Thanks for all the input. This has me feeling more confident about the grizzly purchase. I intend on buying the riser block first thing, why buy all the blades I would need for the next few months work and then have to replace them with longer blades when I find out I want to resaw a 1x10. This is one of the blades I am looking at http://www.highlandwoodworking.com/index.asp?PageAction=VIEWPROD&ProdID=6075 does anyone know if it lives up to the hype? What about the cool blocks, do they make a difference? From the looks of some resaw fences I could attach a piece of mdf to the standard fence to make it taller......the same way you would for cutting tennons on a table saw. Unless there is something else mystical about them it looks that easy.


----------



## Dean Miller (Jan 29, 2009)

Thats an excellent blade for resawing. Cutting a straight line with a bandsaw is setup and practice. Try not to hug the line to close leaving room for planing or sanding. Bandsaw cuts are never perfect.


----------



## woodnthings (Jan 24, 2009)

*Bandsaws are used to resaw all the time!*



GeorgeC said:


> A bandsaw is not the tool to use to cut a straight line. Paticularly in a 2x4. I only use a bandsaw when I need to cut a curve. Even then on the very good tools that Eglin AFB has in the hobby shop my cuts are not perfect.
> The right tool for the right job. George


The question of cutting a 2x4 is a little vague, ripping, crosscutting or resawing? Who knows However, a quick look at a Grizzly catalog shows 10 different Bandsaws capable of resawing and fences to enable it. A woodworker starting out will assume it only cuts "curves" but experienced woodworkers know that's only one thing it does well. Woodmizer and other bandsaw mills cut accurately all day long, not perfectly, but accurately. When I resaw I run my just cut slab over the jointer to flatten one side for the next pass. I think I saw Norm Abrams cut tenons on a bandsaw once. I can cut 1/16th inch thin pieces on my 18" Mini Max.:yes: FYI bill


----------



## Kender (Apr 20, 2009)

The 2x4 cut I was refering to was to cut a notch out of the end. I just realized something regarding the riser block. If the guides on the saw are made for the standard height and touch the table is there enough travel in the guides so that even with a 6inch lift they will still touch the table? I'm thinking it would be a pain to have to remove the riser anytime I wanted to cut thinner boards. 

Thanks


----------



## woodnthings (Jan 24, 2009)

*Riser block kit at grizzly*

The kit at $69.00 shows a blade guide xtension bar if I am correct, so do not worry about that.
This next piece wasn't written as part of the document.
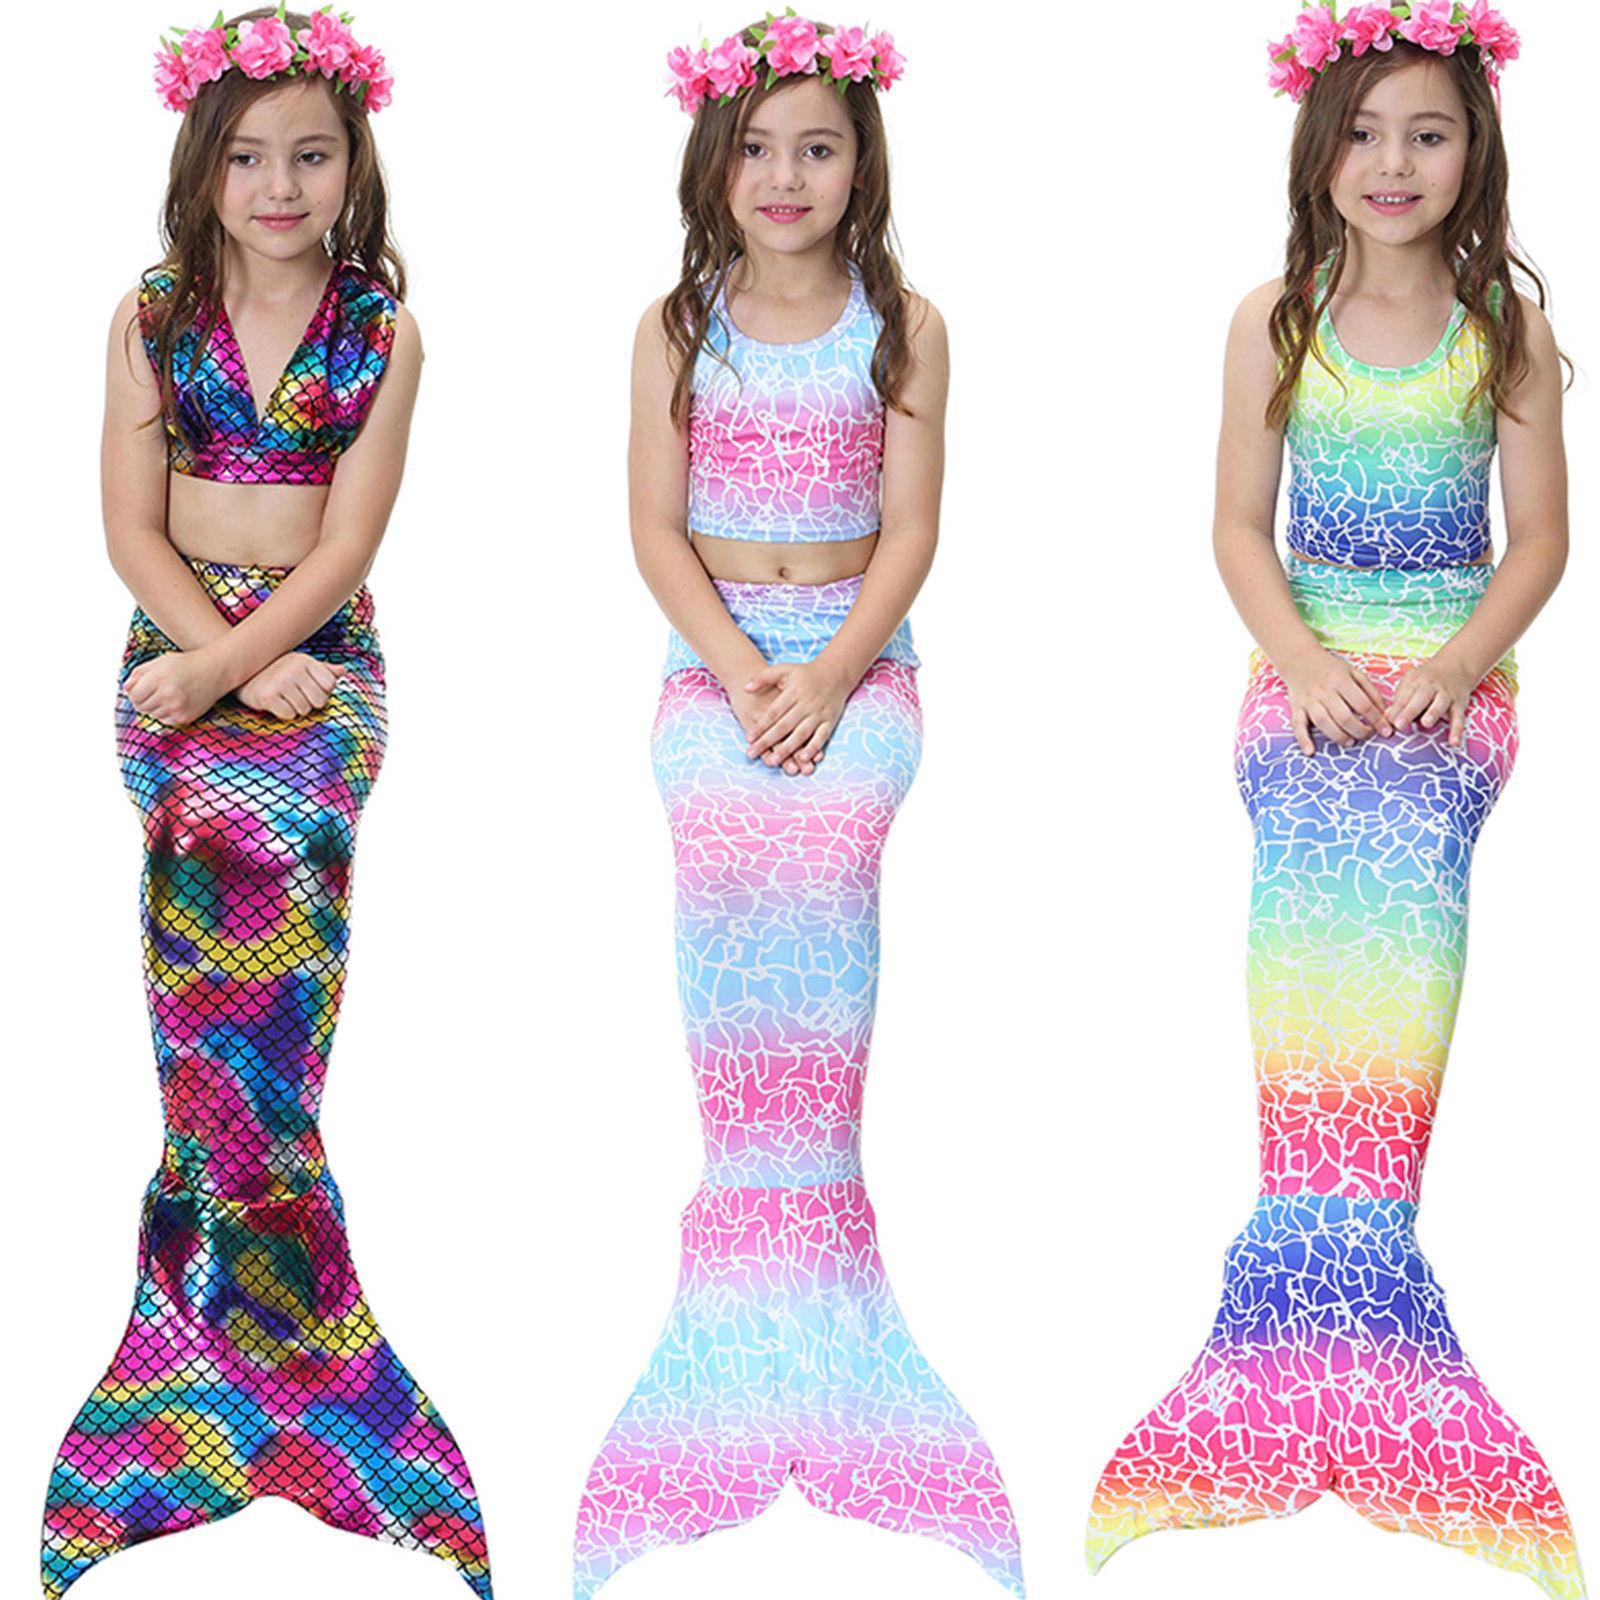 5e514b8f98 2019 Swimwear Kids Clothing Kids Girls Mermaid Tail Swimming Bikini Set  Swimwear Mono Fin Swimmable From Happy_kids, $14.58 | DHgate.Com

A call to them will clarify, but it would be useless without one.:yes: bill


----------



## GeorgeC (Jul 30, 2008)

woodnthings said:


> The question of cutting a 2x4 is a little vague, ripping, crosscutting or resawing? Who knows However, a quick look at a Grizzly catalog shows 10 different Bandsaws capable of resawing and fences to enable it. A woodworker starting out will assume it only cuts "curves" but experienced woodworkers know that's only one thing it does well. Woodmizer and other bandsaw mills cut accurately all day long, not perfectly, but accurately. When I resaw I run my just cut slab over the jointer to flatten one side for the next pass. I think I saw Norm Abrams cut tenons on a bandsaw once. I can cut 1/16th inch thin pieces on my 18" Mini Max.:yes: FYI bill


Sorry that I was sort of brief there. I was only reacting to the original question of cutting a straight line. 

Certainly resawing is a normal use of a bandsaw. I have found that to be very useful when I do not have the correct thickness wood and want something thinner. Cutting small sections is also useful.

However, my comment was regarding cutting long straight lines. That is not what a bandsaw is intended to do nor should it be used for that purpose.

G


----------



## Kender (Apr 20, 2009)

GeorgeC said:


> Sorry that I was sort of brief there. I was only reacting to the original question of cutting a straight line.
> 
> Certainly resawing is a normal use of a bandsaw. I have found that to be very useful when I do not have the correct thickness wood and want something thinner. Cutting small sections is also useful.
> 
> ...




Any long line (except resawing) is going to be cut on my table saw not only is it straighter but it is faster. I haven't made a jig yet for cutting the end of a board that is standing up, like what you would do for a tenon on a table saw. plus there are times that the TS is setup for one cut and you just need to remove some waste so the BS is nice.


----------